Esses novos padrões, que deveriam ser executados com sobras de lona, tornaram-se muito populares na década de 1950, assim como outros importados em revistas posteriormente, e predominam nos vestidos bordados usados hoje. Houve também uma mudança do vermelho dominante dos bordados mais antigos – amarelo, laranja, verde, azul e rosa, sozinhos ou combinados no mesmo vestido, todos se tornando populares.
A outra principal técnica de bordado do sul da Palestina, notavelmente diferente do ponto cruz, era o bordado em seda, prata ou dourado que era feito com um cordão (Pontos Acolchoados). Esse cordão torcido e aplicado em elaborados padrões florais e curvilíneos, foram preenchidos e emoldurados com pontos cheio e espinha de peixe em fio de seda brilhantemente colorido. Este estilo caro e luxuoso de bordado foi inicialmente uma especialidade de Belém, Beit Sahur e Beit Jala, principalmente aldeias cristãs ao sul de Jerusalém, onde as mulheres o usavam para decorar os melhores vestidos em seus enxovais, para jaquetas de tecido grosso ou veludo e para seus distintivos de toucas em forma de fez. As pessoas dessas aldeias eram mais ricas e mais urbanizadas do que as de outras aldeias que as admiravam e queriam imitá-las. Assim, à medida que os aldeões melhoraram financeiramente a partir do final da década de 1920, os bordados no estilo de Belém tornaram-se cada vez mais na moda no sul da Palestina, e os enxovais de casamento muitas vezes incluíam um ou mais vestidos ornamentados com painéis de divã.
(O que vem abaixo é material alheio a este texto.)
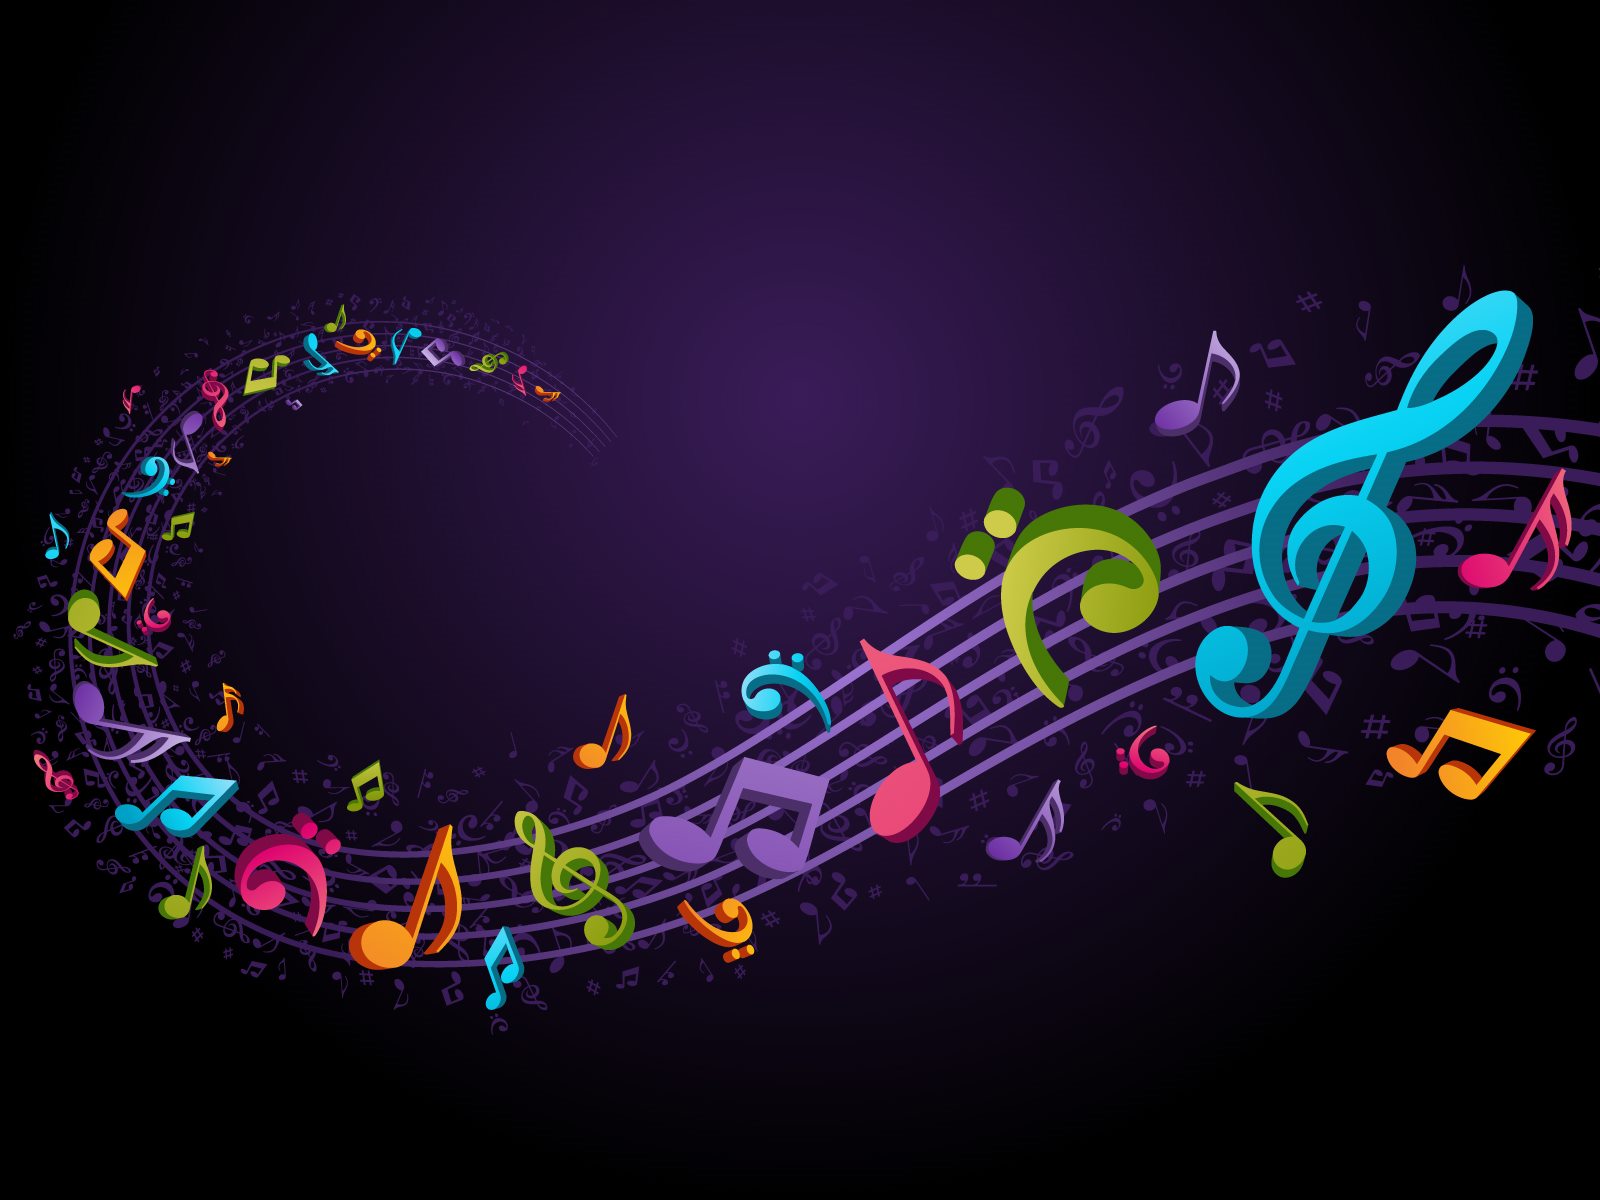 music related wallpapers,text,font,graphic design,purple,design

Esse bordado era produzido comercialmente por mulheres de Belém e aldeias vizinhas, e por bordadeiras profissionais de outras aldeias.
Em muitas aldeias da planície costeira do Mediterrâneo e nas colinas ao norte e ao sul de Hebron, o vestido de enxoval mais importante também foi embelezado com Bordados Appliqué em tafetá vermelho ou laranja costurados na frente da saia entre os bordado. Estes foram moldados e cortados de várias maneiras para revelar o tecido azul índigo do vestido por baixo, e às vezes eram levemente bordados. As bordas da frente de um vestido de manga curta usado nas aldeias da área de Jatta até a década de 1920 também eram bordadas com tafetá ou remendos de cetim, e às vezes eram amarradas com borlas de seda com lantejoulas aplicadas. Em muitas áreas, remendos decorativos de cetim ou veludo também foram costurados nas cangas dos vestidos mais finos, e nas áreas de Belém e Jerusalém, e recortes nas partes da frente das blusas em tafetá vermelho, amarelo e verde com bordas de apliques em ziguezague foram anexados a vestidos de tecidos luxuosos de seda mista e linho. O aplique em zigue-zague também foi amplamente utilizado para bordar decotes, punhos e bainhas.
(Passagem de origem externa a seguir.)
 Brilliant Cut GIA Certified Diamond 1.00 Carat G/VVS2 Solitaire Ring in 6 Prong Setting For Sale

A cultura e a sociedade palestinas foram severamente perturbadas pelo estabelecimento do Estado de Israel no norte, oeste e partes do sul da Palestina em 1948. Durante as hostilidades em torno deste evento, quase metade da população rural fugiu ou foi expulsa de suas aldeias e tornou-se refugiados no leste da Palestina (agora chamado de Cisjordânia) ou em países vizinhos. Muitos mais se tornaram refugiados como resultado da guerra de 1967. Apesar dessas calamidades, o traje tradicional e a arte do bordado ainda florescem no início da década de 1990, embora bastante alterados, nas aldeias e campos de refugiados dos territórios ocupados por Israel em Gaza e na Cisjordânia, e entre os palestinos do sul nos campos de refugiados de Jordânia e Síria.
Muitos novos padrões de bordado (como grandes flores e pássaros) e cores (especialmente fios sombreados) de origem estrangeira são populares em todo o espectro da sociedade de aldeias e campos de refugiados; ao mesmo tempo, características sutis foram mantidas para indicar a aldeia ou região original de uma mulher na Palestina. Outros novos padrões de bordado e combinações de cores distintas (branco, preto, verde e vermelho da bandeira palestina) foram criados desde o início do levante palestino (Intifada – rebelião popular contra um cenário de repressão) contra a ocupação israelense para expressar a identidade e as aspirações nacionais.